Twilley: If that ever becomes a real-world application, will you sell your shares in U.S. Steel?

Anderson: [laughs] I have a feeling that we never will have a landscape devoid of visible boundaries. If nothing else, I want a barbed wire fence between Ted Turner’s ranch and our experimental ranch up the road here. With a visible boundary, there’s no question—this side is mine and that side is yours.


Fencing photograph via InformedFarmers.com. Incidentally, Ted Turner's Vermejo ranch in New Mexico and southern Colorado is said to be the largest privately-owned, contiguous tract of land in the United States.

Twilley: Aha—so it’s the human animals that will still need a physical fence.

Anderson: I think so. Otherwise you’re looking at the landscape and there’s absolutely nothing out there—whether it be to define ownership or use or even health or safety hazards.

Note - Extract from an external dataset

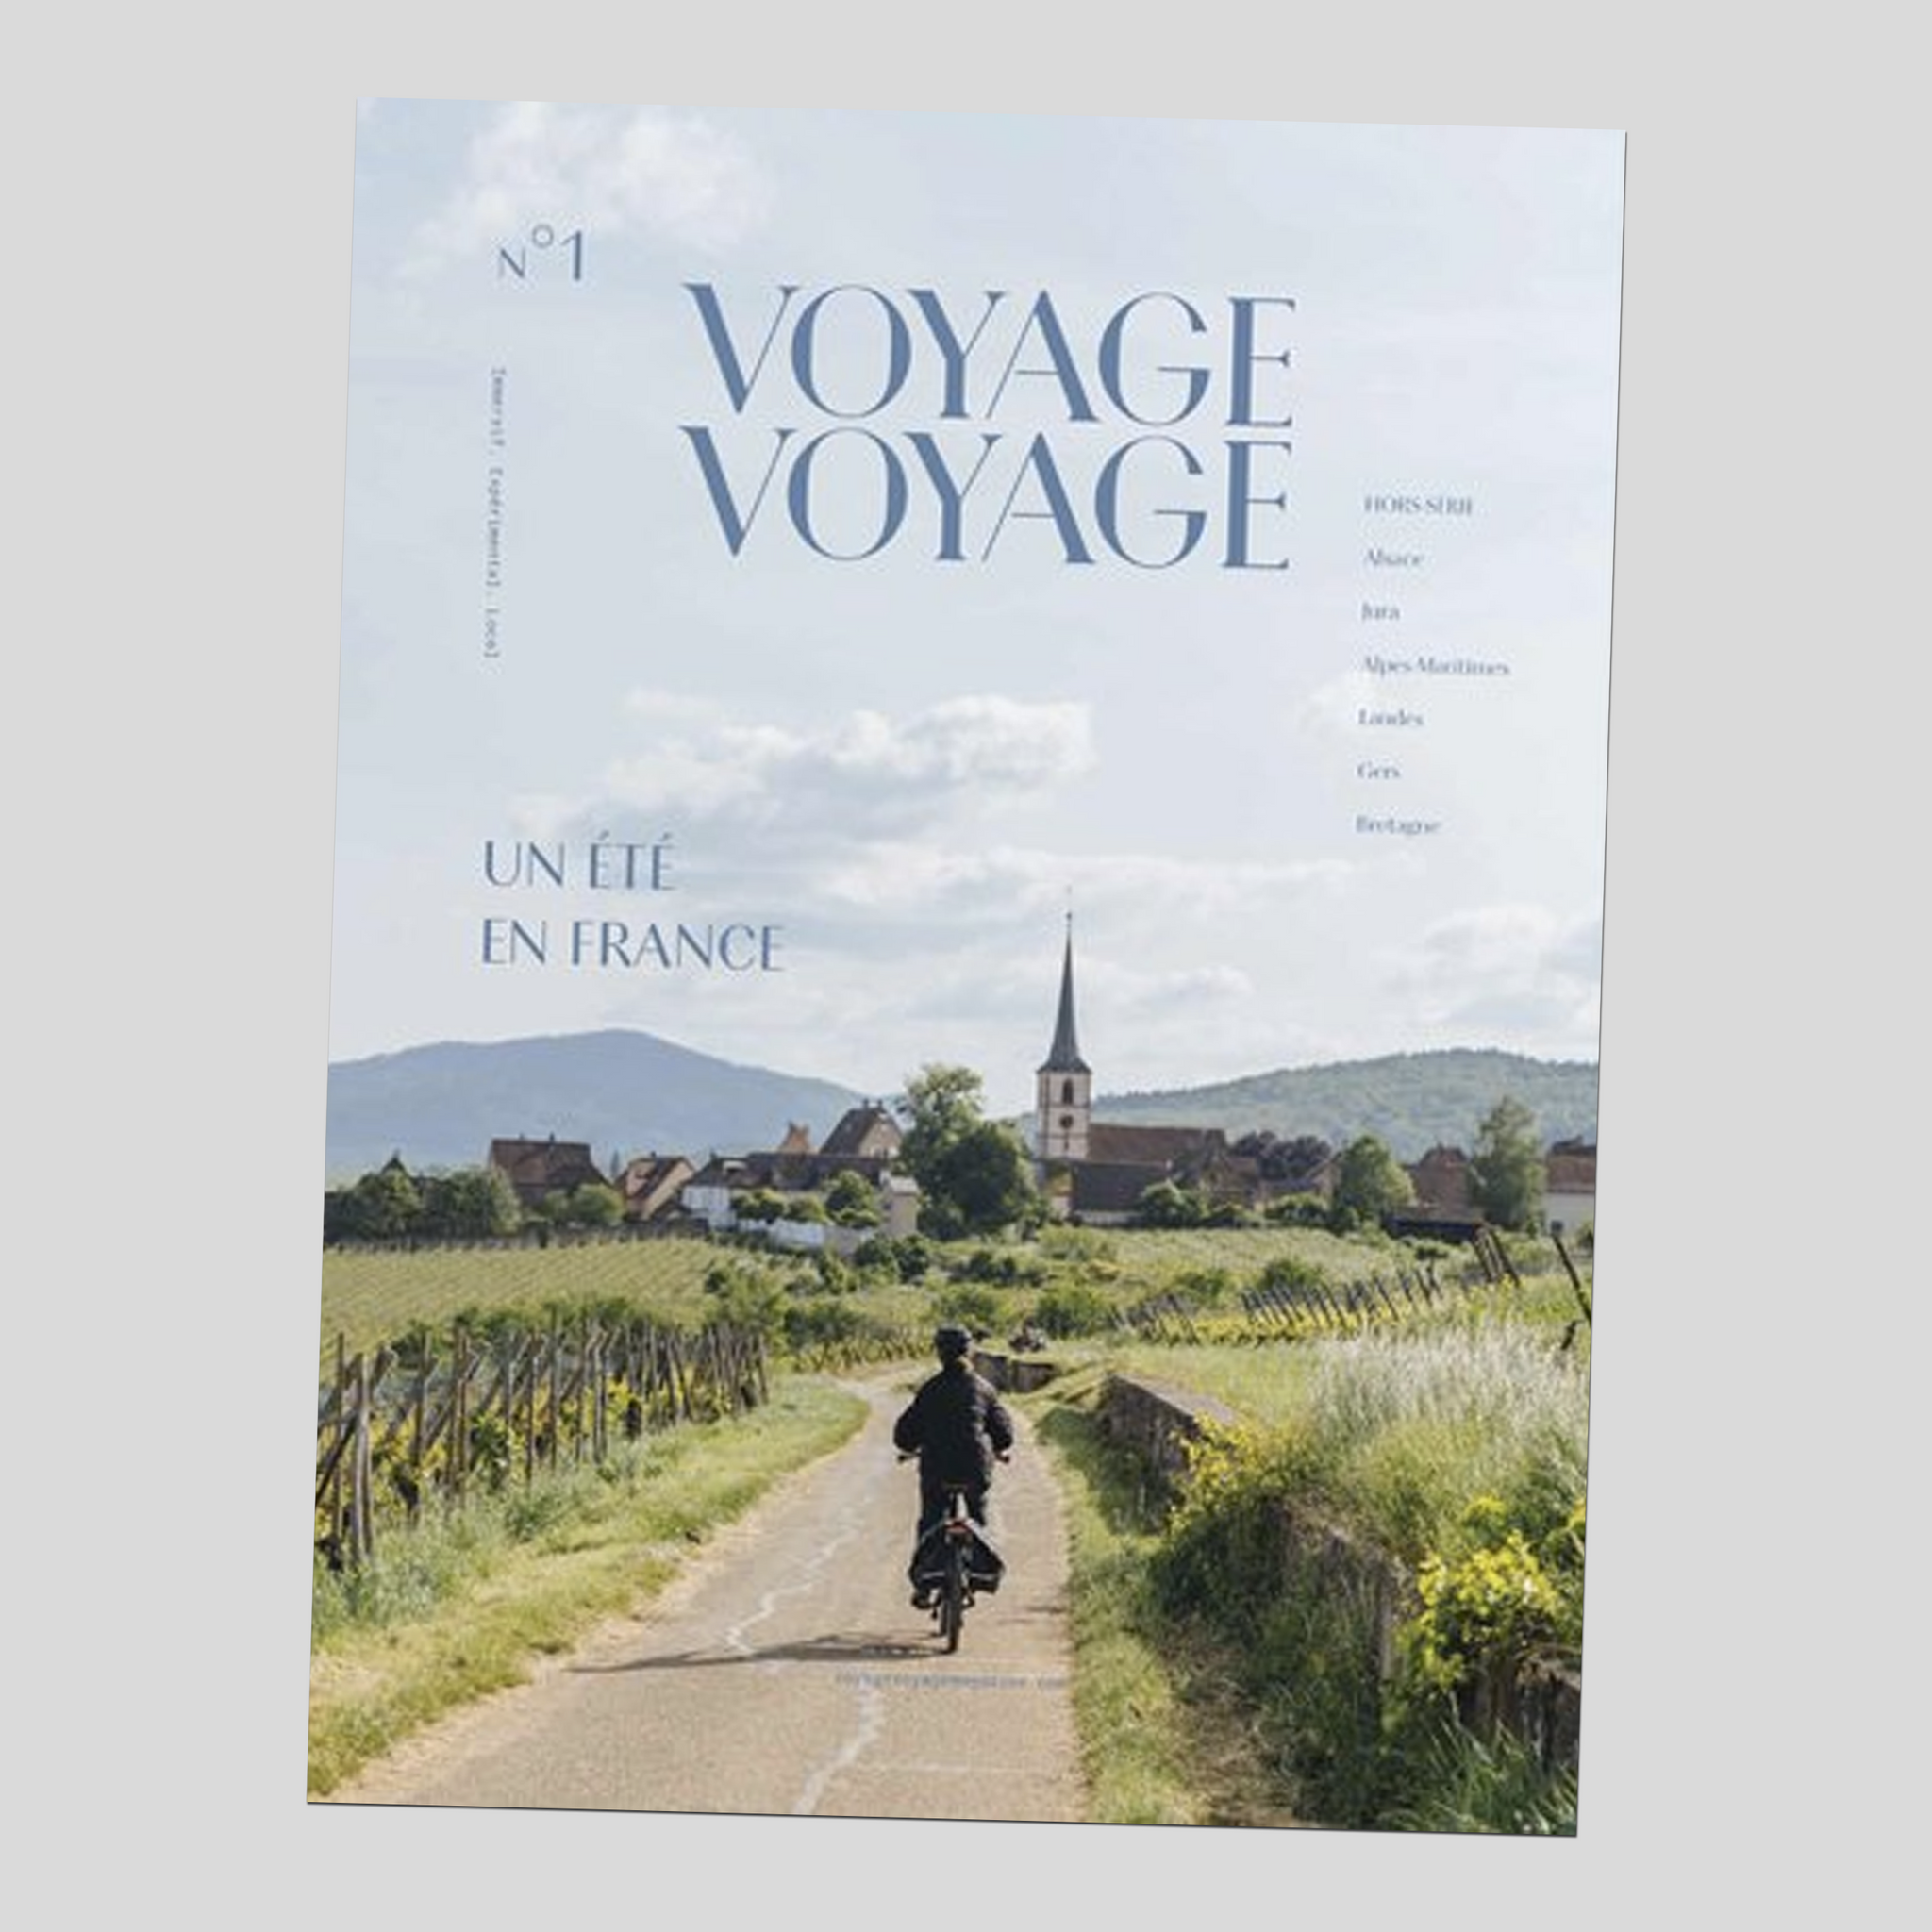 Voyage Voyage magazine #8
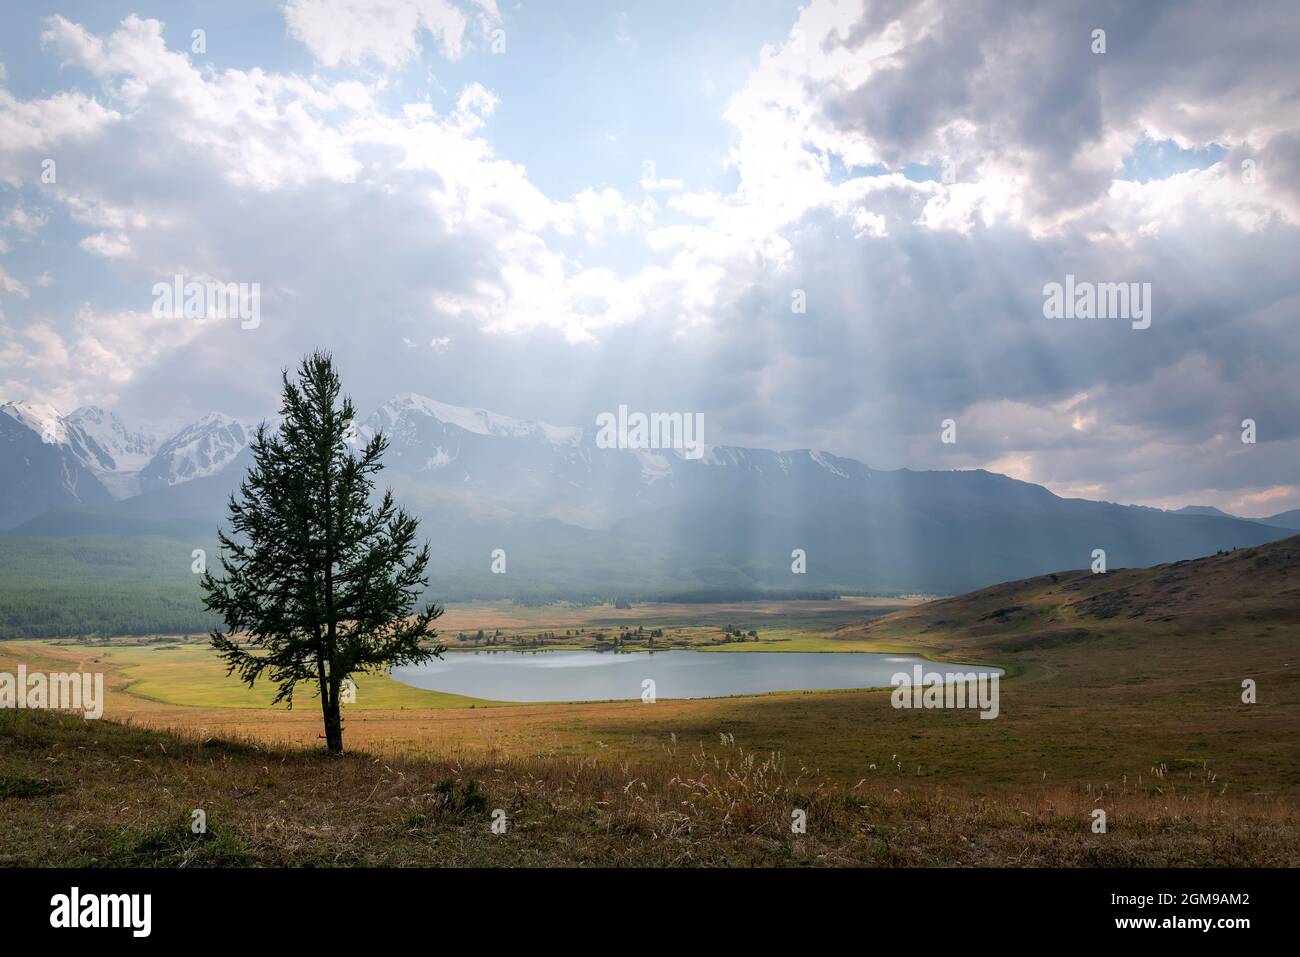 Splendida vista con raggi di sole e luce attraverso le nuvole sul lago, montagne coperte di neve e foresta e larice in primo piano. Altai, Foto Stock

Manaugh: Do you think this kind of virtual fencing would have any impact on real estate practices? For example, I could imagine multiple ranchers marbling their usage of a larger, shared plot of land with this ability to track and contain their herds so precisely. Could virtual fencing thus change the way land is controlled, owned, or leased amongst different groups of people?

Anderson: If you were to go down here to the Boot Heel area of New Mexico you could find exactly that: individual ranchers are pooling areas to form a grass bank for their common use.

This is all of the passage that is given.